Sorry I am late to answer and someone beat me to it. I don't think they are any more valuable than any older saw, but I have a couple Homelites that I like and use. An XL-1, 45 cc, 16 inch bar, that I use for small jobs, and a Homelite power master XP1000, that runs great but I am missing a muffler. I have decided that I am going to make one, but there are too many other jobs with a higher priority right now.


----------



## vtfireman85 (Oct 17, 2022)

Not sure how i did here, but i am feeling pretty good about it. Guy wanted to give it to me, i told him no, finally he said 50 bucks, i said 100 he refused, it went home with me. It runs, he said it was “tired” I haven’t done a compression test yet but I suspect it needs rubber parts and filters and maybe a plug. 
Said he has too many and this is too heavy, i was looking for a beater, this is nicer than i had in mind.


----------



## John Lyngdal (Oct 18, 2022)

vtfireman85 said:


> Not sure how i did here, but i am feeling pretty good about it. Guy wanted to give it to me, i told him no, finally he said 50 bucks, i said 100 he refused, it went home with me. It runs, he said it was “tired” I haven’t done a compression test yet but I suspect it needs rubber parts and filters and maybe a plug.
> Said he has too many and this is too heavy, i was looking for a beater, this is nicer than i had in mind.

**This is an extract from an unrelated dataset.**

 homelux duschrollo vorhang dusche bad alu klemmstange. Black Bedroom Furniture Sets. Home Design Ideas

I would visit him with a "free" a load of firewood and offer to stack it in a location of his choosing.


----------



## vtfireman85 (Oct 18, 2022)

John Lyngdal said:


> I would visit him with a "free" a load of firewood and offer to stack it in a location of his choosing.


Theres been enough friction over the years that i am not feeling very guilty. He can be a douche. Also it does seem to have some form of compression issues. Haven’t spent any time to figure it out


----------



## John Lyngdal (Oct 18, 2022)

vtfireman85 said:


> There's been enough friction over the years that i am not feeling very guilty. He can be a douche. Also it does seem to have some form of compression issues. Haven’t spent any time to figure it out


Fair enough in that case. If it just needs a new piston ring consider it a gesture of reconciliation; if the piston and cylinder are cooked, the saw was just something he didn't want anymore and value it accordingly.


----------



## bigbadbob (Oct 18, 2022)

$20 1400 watt genny.
Carb needed a trip to the ultrasonic.
Added a good fuel filter


----------



## mojo jojo (Oct 20, 2022)

New, bought in 1989, unopened box...until today 
Alpina golden 45 (special edition Alpina Prof-41 with longer bar)

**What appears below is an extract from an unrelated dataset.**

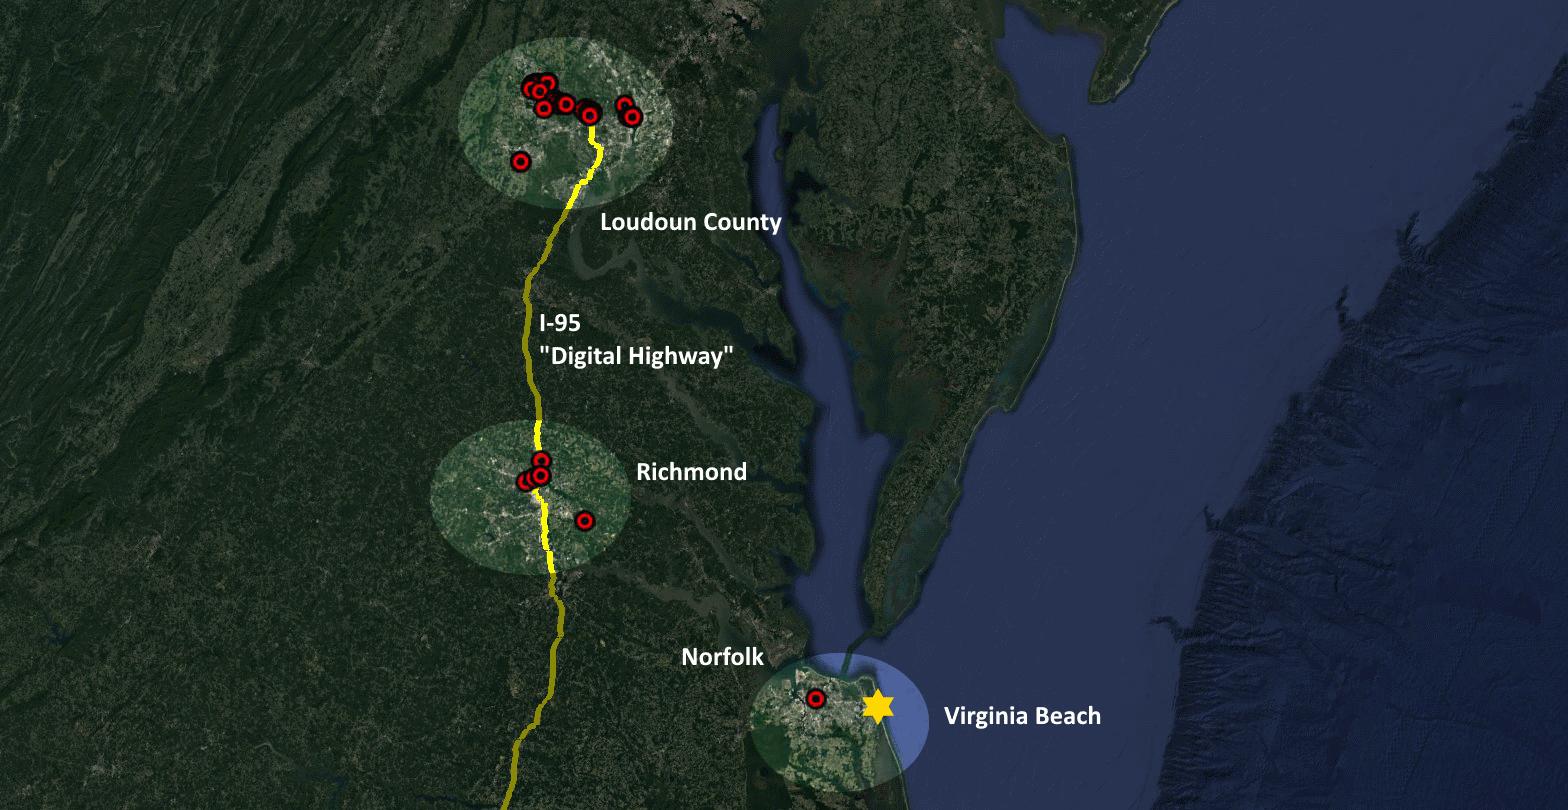 Virginia Beach Digital Highway I-95

What do you think? Should I keep it virgin or do I start it?


----------



## SimonHS (Oct 20, 2022)

mojo jojo said:


> New, bought in 1989, unopened box...until today
> Alpina golden 45 (special edition Alpina Prof-41 with longer bar)
> 
> What do you think? Should I keep it virgin or do I start it?



Keep it virgin. I like the double throttle triggers.


----------



## Sepia (Oct 20, 2022)

mojo jojo said:


> New, bought in 1989, unopened box...until today
> Alpina golden 45 (special edition Alpina Prof-41 with longer bar)
> 
> What do you think? Should I keep it virgin or do I start it?


It's likely one of a kind right now. As soon as you put fuel in it, that claim is gone.


----------



## Overlooker (Oct 20, 2022)

Virginia! O


----------



## bigbadbob (Oct 21, 2022)

I like free stuff 395


----------



## SimonHS (Oct 21, 2022)

bigbadbob said:


> I like free stuff 395
> View attachment 1026127
> View attachment 1026128
> View attachment 1026129



You definitely suck! Great score. What's the story?


----------



## bigbadbob (Oct 21, 2022)

Did a carb boot fix on a echo cs600, and a hot start issue on a 372.
Gifted me the 395 for the fix.
Dont kid yourself 395s been around the block.
And there may be more,,,,
He left behind a stihl 441 that has issues that have evaded others.


,


----------



## rocketnorton (Oct 21, 2022)

$125.cad
bought for fullwrap
runs, scored some
120 psi
need top cover n piston


----------



## president (Oct 22, 2022)

bigbadbob said:


> Did a carb boot fix on a echo cs600, and a hot start issue on a 372.
> Gifted me the 395 for the fix.
> Dont kid yourself 395s been around the block.
> And there may be more,,,,
> ...


Hey Bob, Is Jarod late for your 2100?
got you a muffler


----------



## bigbadbob (Oct 22, 2022)

president said:


> Hey Bob, Is Jarod late for your 2100?
> got you a muffler


Havent heard from him.


----------



## president (Oct 22, 2022)

bigbadbob said:


> Havent heard from him.


Call him Bob, I did hours of work on his
044,


----------



## bigbadbob (Oct 22, 2022)

president said:


> Call him Bob, I did hours of work on his
> 044,


He will see you thursday


----------



## TheDarkLordChinChin (Oct 23, 2022)

2x Husqvarna 254xp €45 each
1x Husqvarna 262xp €60
1x Box of crap €40


All three saws start and run, 262 cuts out after starting, no air filter, hopefully easy fix. 
Plan to sell the 262 and one of the 254's, will keep the other.


----------



## dboyd351 (Oct 23, 2022)

mojo jojo said:


> New, bought in 1989, unopened box...until today
> Alpina golden 45 (special edition Alpina Prof-41 with longer bar)
> 
> What do you think? Should I keep it virgin or do I start it?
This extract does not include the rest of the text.